RAG is retrieval augmented generation.

 Today's language models are incredibly powerful--but also have limitations. LLMs are trained on vast troves of data. This approach has limitations. The training data is inherently outdated, which leads to a knowledge cutoff. When asked about topics outside their training data, LLMs hallucinate. The inherent boas is to provide an answer, any answer, even if they have no data on which to base an answer. It is a horrendous problem. 

Hallucinations are more insidious when they are plausible sounding. They undermine user trust. 

RAG: a technique aiming to solve this problem by providing LLMs with relevant information at runtime. RAG works when a user submits a query, it goes to the retrieval system, which gets relevant documents, sends that to the LLM, which generates a response.  The response includes the relevant data that is provided at runtime. 

A couple of different ways to implement RAG: vector database and knowledge graph. 

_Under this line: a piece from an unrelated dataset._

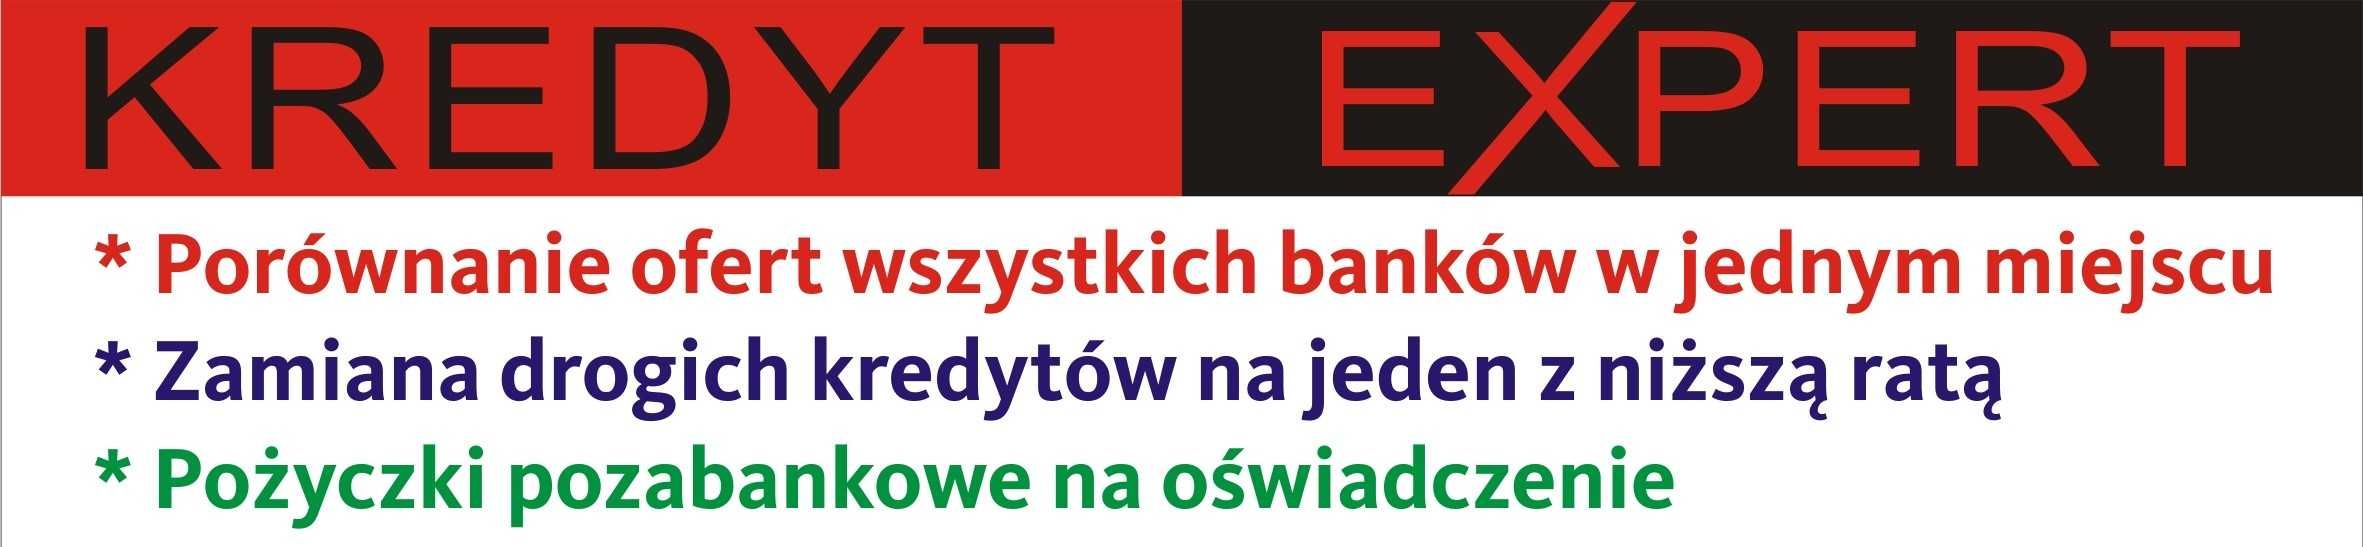 Kredyt na spłatę zaległości, obniżanie rat Kredyt Expert Lublin

Vector-based RAG is most common and easiest to implement.  Allow us to find relevant information from similarity searches. Includes document processing pipeline, vector database, retrieval mechanism, and LLM integration. Similarity search is really fast and low cost. Scales well for large doc sets. But doesn't explicitly understand relationship between contexts and struggles with longform content. Quality of vector-based RAG depends on how well you process your content. 

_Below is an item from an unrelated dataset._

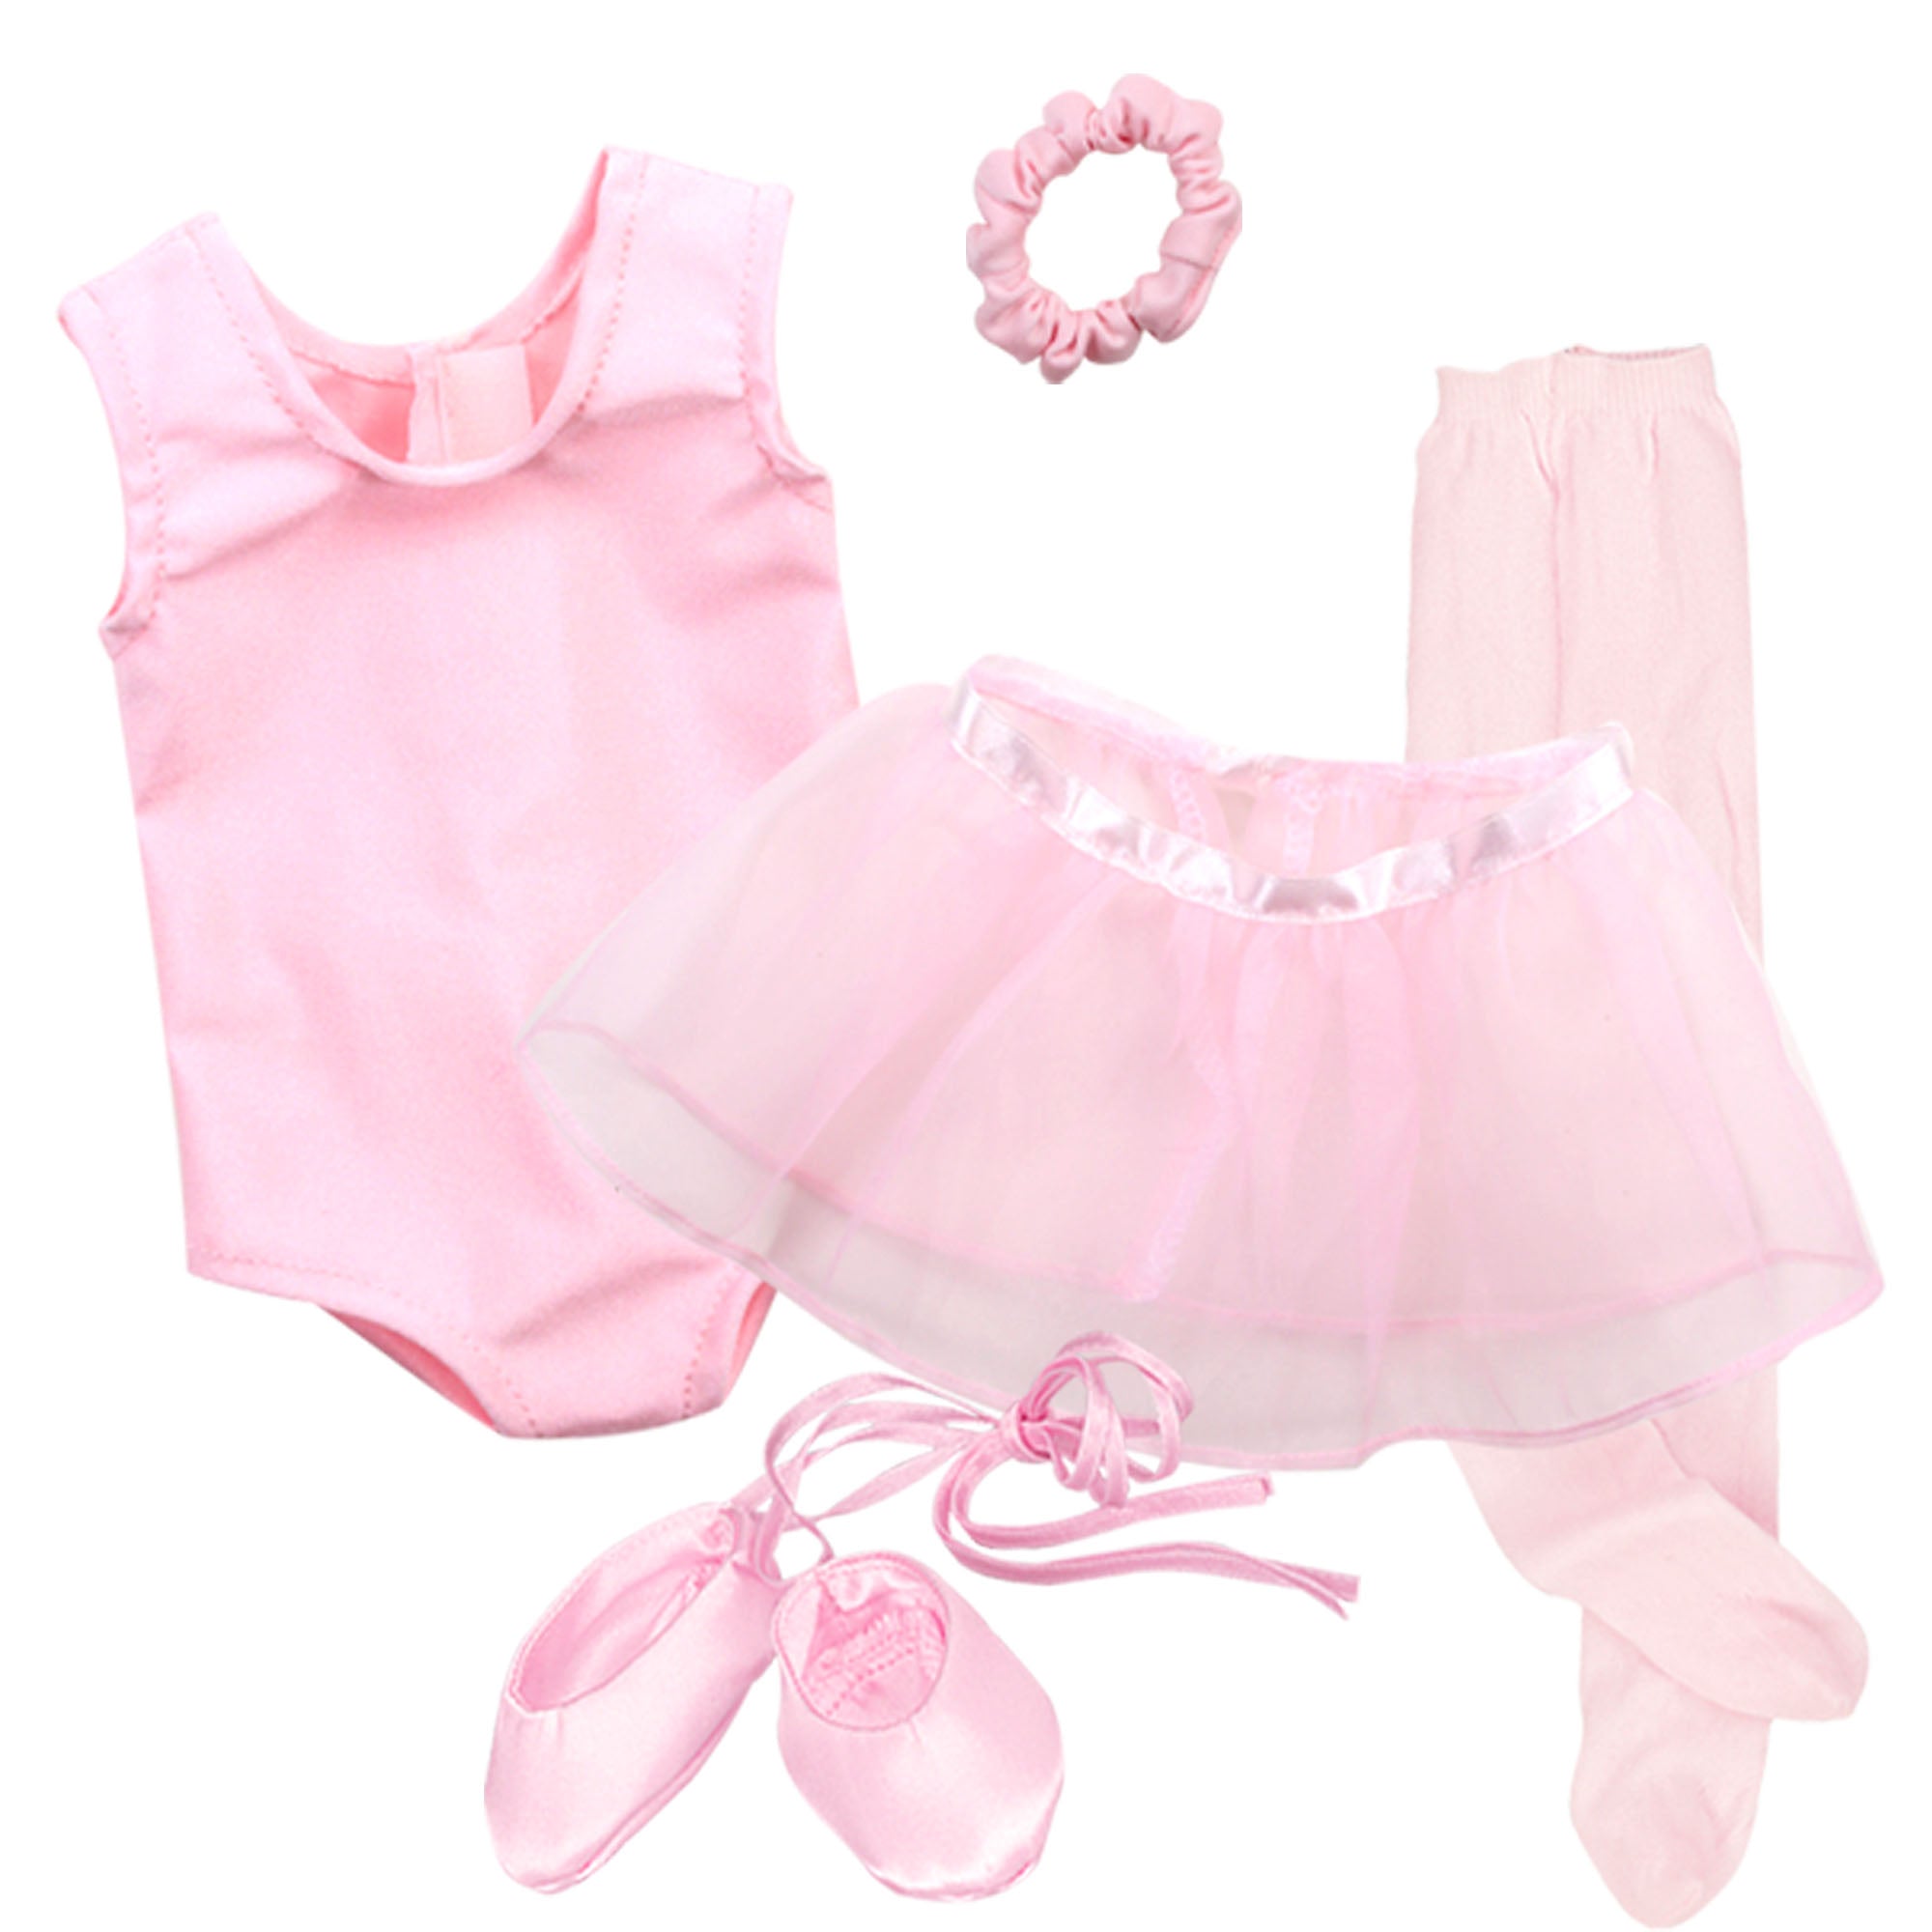 Sophia's 5 Piece Ballet Outfit Set for 18'' Dolls, Light Pink

Disadvantage of a knowledge graph is that they take a lot of time and effort to create. There is additional computational overhead because it is computational AI. This means additional cost, especially at enterprise scale.  

So content best practices. Think about how content will be chunked and retrieved. 

Clear headings are important. Logical organization, whether more or less structured. Summary paragraphs are particularly useful. Consistent formatting across documents. 

 Metadata and tagging are important. May capture information not in actual content. Can often include metadata with each chunk. Think of this as SEO for RAG.

Human and machine needs. Where appropriate, content should be machine readable, such as DITA, XML, etc.  Maintain (and ship) a glossary. 

Building the Case for Content Operations in Complex Organizations

Trey Smith, Sr. Program Supervisor and TechPubs Lead at Honeywell said his theme is around managing change. 

Found that we had the wrong tools for our size. 

When building a business case, establish your win condition, leverage your network, and don't let a good crisis go to waste.  Understand it is a marathon, not a sprint. 

Influencer 101 is network, target your audience, money talks, and fill your skill gaps.  

Tuesday Morning Featured Speakers

 Tuesday is the longest LavaCon day, and it began with a slate of three featured speakers in the Grand Ballroom. 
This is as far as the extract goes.